Cuando teníamos que regresar a Puebla, todos decían “Ya quiero volver a mi casa”, “Extraño mucho México”, “Lo primero que haré al llegar será comer tacos”, pero por mi parte, yo realmente no quería; no porque no ame mi país, ni todo lo que conforma estar en casa, sino que cuando conoces, sientes que no has logrado terminar de hacer todo lo que querías, lugares que faltan por recorrer y experiencias necesarias para vivir; pero ahora que miro atrás, agradezco estar en casa y llevar conmigo todas esas memoria, siempre que camino por las calles recuerdo los buenos momentos, y en retrospectiva, no es que no quisiera regresar, sino que no quería dejar atrás la versión mía que quedaba en Japón, una yo más independiente, libre, sin miedo de hacer las cosas, capaz de resolver sus problemas y no dejarse perder ante un lugar tan imponente, me enamoré tanto de esa yo que sentía que al regresar a México la perdería o la estaría traicionando, pero no fue así, al contrario, se quedó conmigo; fueron pocos días, pero el crecimiento como persona es impresionante, y ahora siento que tengo una visión más amplia del día a día, pienso que cosas podrían ser mejor, que si se implementaran nuestra realidad sería diferente en un aspecto positivo.

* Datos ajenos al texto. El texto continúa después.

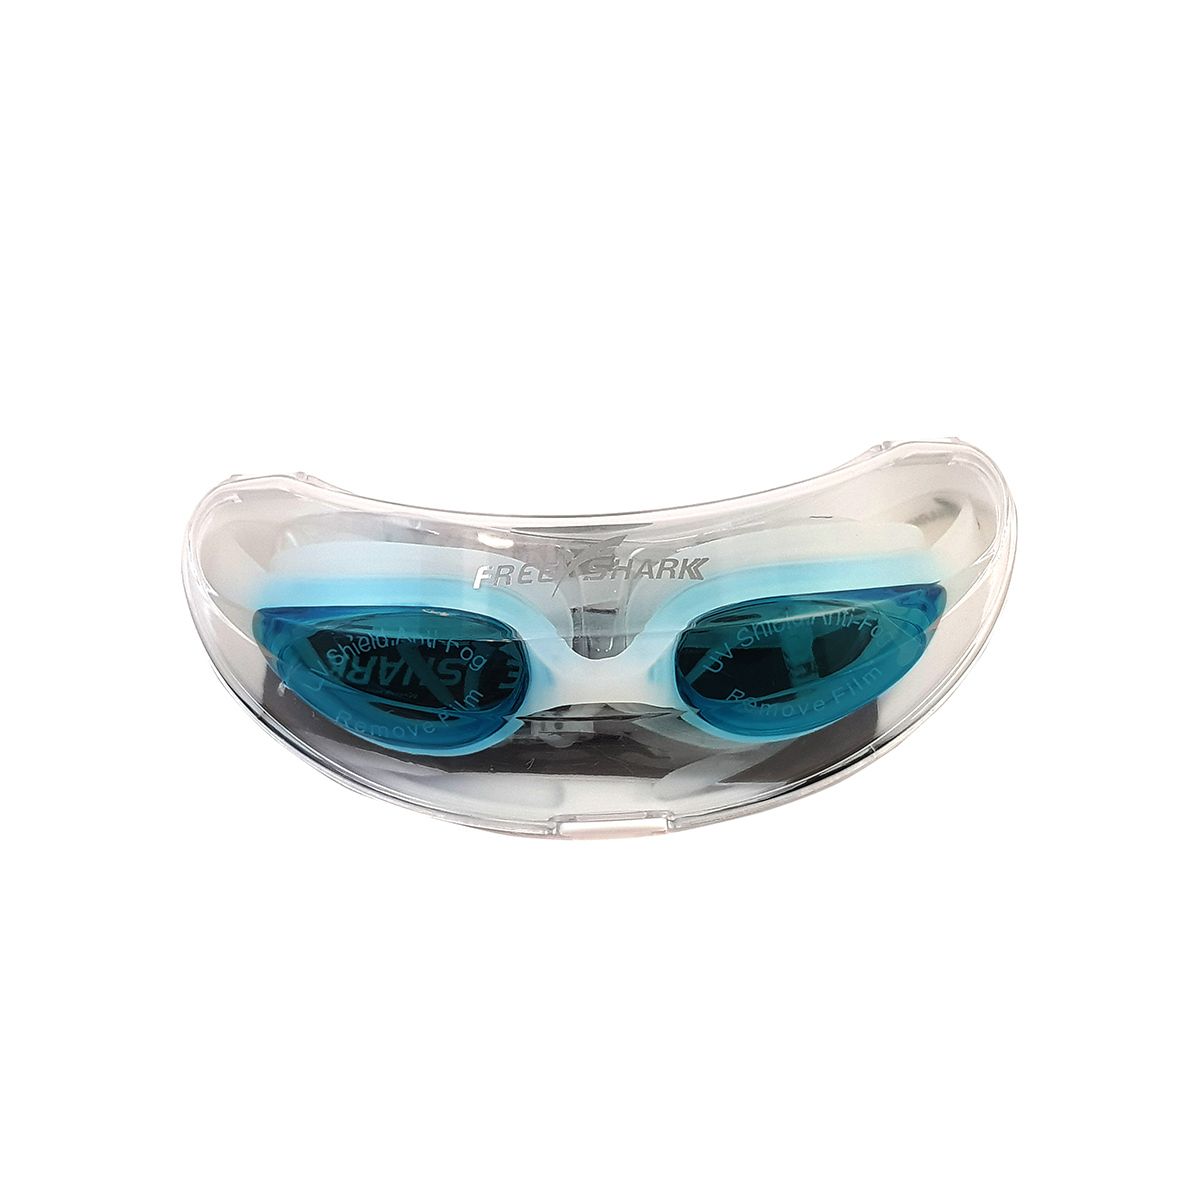  عینک شنا فری شارک مدل MC-2300 -  - 2

Aprender sobre una cultura en el aula, es una experiencia que se queda algo corta, y tener el privilegio de salir al mundo real y experimentarlo de primera mano es una locura. Estar en Japón me permitió aprender de sus calles, costumbres, espacios, modos de vida, pero también a aprender de mí misma. Por eso cuando pienso en el Escápate no recuerdo solamente los lugares que conocí y los que me faltaron por conocer, sino que recuerdo aquella persona que fui capaz de convertirme lejos de mi país, esa versión que se atreve a salir a lo desconocido. Quizá eso es lo más valioso de una experiencia internacional, el regresar a casa siendo una mejor versión de ti, el traer nuevas palabras, fotografías, amistades, recuerdos, perspectivas, pero también una nueva mirada del lugar que habitamos en el mundo.